4. Connection Recovery: Clients can resume subscriptions after reconnection

5. Graceful Degradation: Rate limiting prevents overwhelming clients


5. Authentication Flow

Comprehensive authentication and authorization flow showing API key validation, tier checking, and credit tracking.

graph TB
    Start([Client Request]) --> Auth{Valid API Key?}

    Auth -->|No| AuthErr[401 Unauthorized<br/>error: INVALID_API_KEY]
    Auth -->|Yes| Active{Key Active?}

    Active -->|No| ActiveErr[401 Unauthorized<br/>error: KEY_INACTIVE]
    Active -->|Yes| CheckCache{Check Redis Cache}

    CheckCache -->|Cache Hit| LoadCache[Load Tier Info<br/>from Cache]
    CheckCache -->|Cache Miss| LoadDB[Load from Database<br/>Cache for 5min]

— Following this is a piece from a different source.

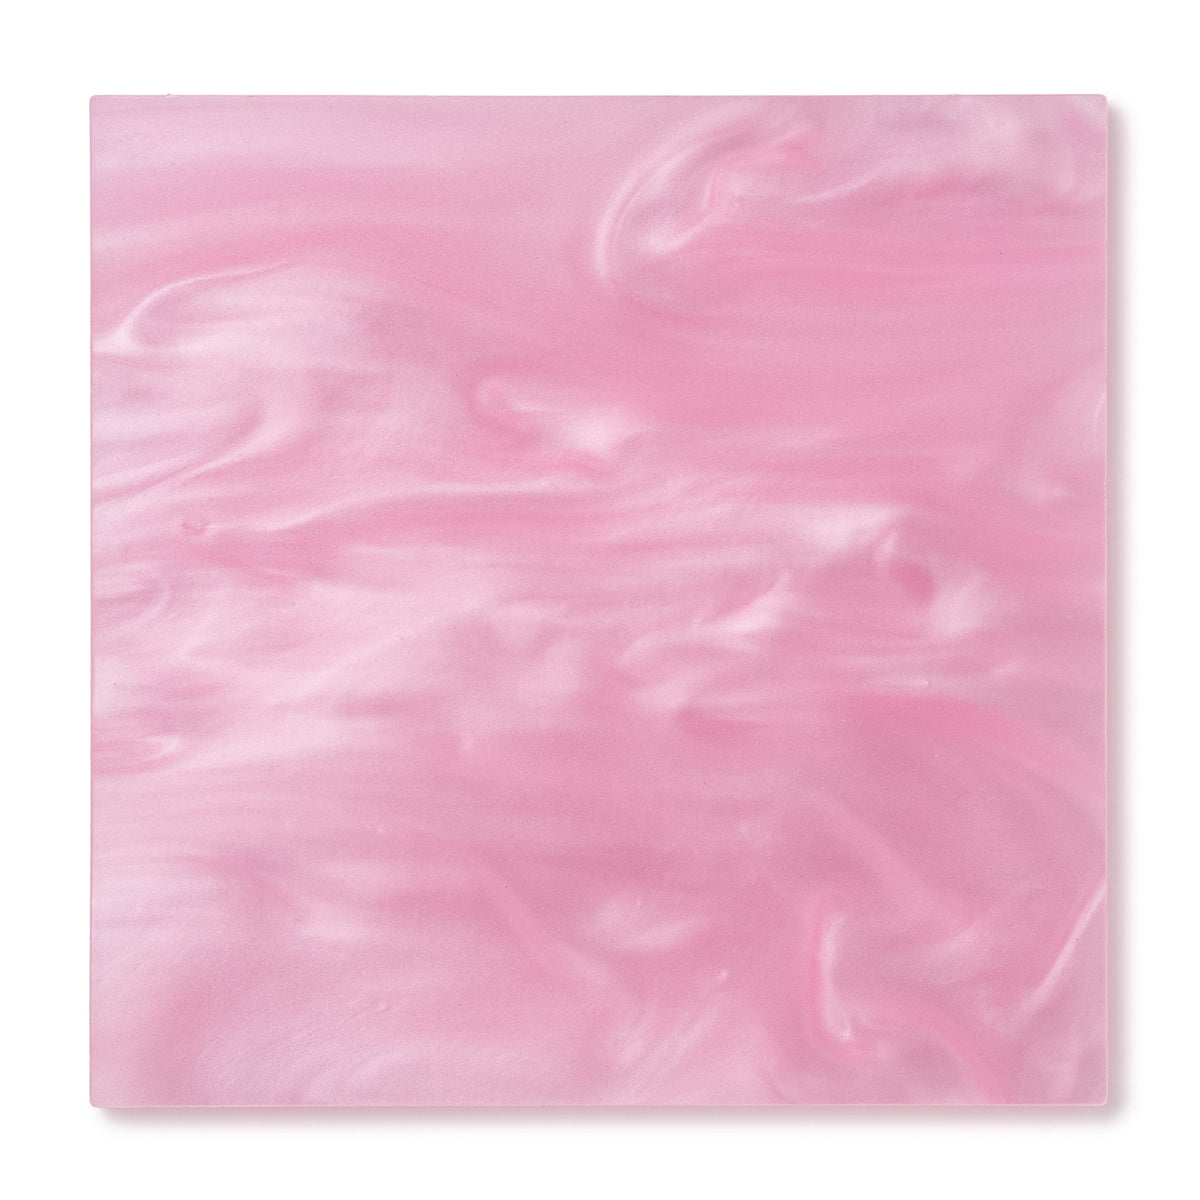 Light Pink Colored Pearlescent Acrylic Sheet, Swatch View

    LoadCache --> ValidateTier
    LoadDB --> ValidateTier

    ValidateTier{Validate Tier<br/>Permissions}

    ValidateTier -->|Network Restricted| CheckNetwork{Network<br/>Allowed?}
    CheckNetwork -->|No| NetworkErr[403 Forbidden<br/>error: NETWORK_NOT_ALLOWED]
    CheckNetwork -->|Yes| CheckDomain

    ValidateTier -->|Domain Restricted| CheckDomain{Domain<br/>Allowed?}
    CheckDomain -->|No| DomainErr[403 Forbidden<br/>error: DOMAIN_NOT_ALLOWED]
    CheckDomain -->|Yes| CheckIP

    ValidateTier -->|IP Restricted| CheckIP{IP Address<br/>Allowed?}
    CheckIP -->|No| IPErr[403 Forbidden<br/>error: IP_NOT_ALLOWED]
    CheckIP -->|Yes| RateLimit

    ValidateTier -->|No Restrictions| RateLimit{Rate Limit<br/>Check}

    RateLimit -->|Exceeded| RateLimitErr[429 Too Many Requests<br/>error: RATE_LIMIT_EXCEEDED<br/>retry_after: Xs]
    RateLimit -->|OK| Credits{Sufficient<br/>Credits?}

    Credits -->|No| CreditsErr[402 Payment Required<br/>error: INSUFFICIENT_CREDITS]
    Credits -->|Yes| Success[Request Allowed<br/>Proceed to Service]

    Success --> Deduct[Deduct Credits<br/>Update Usage]
    Deduct --> Response[Process Request<br/>Return Response]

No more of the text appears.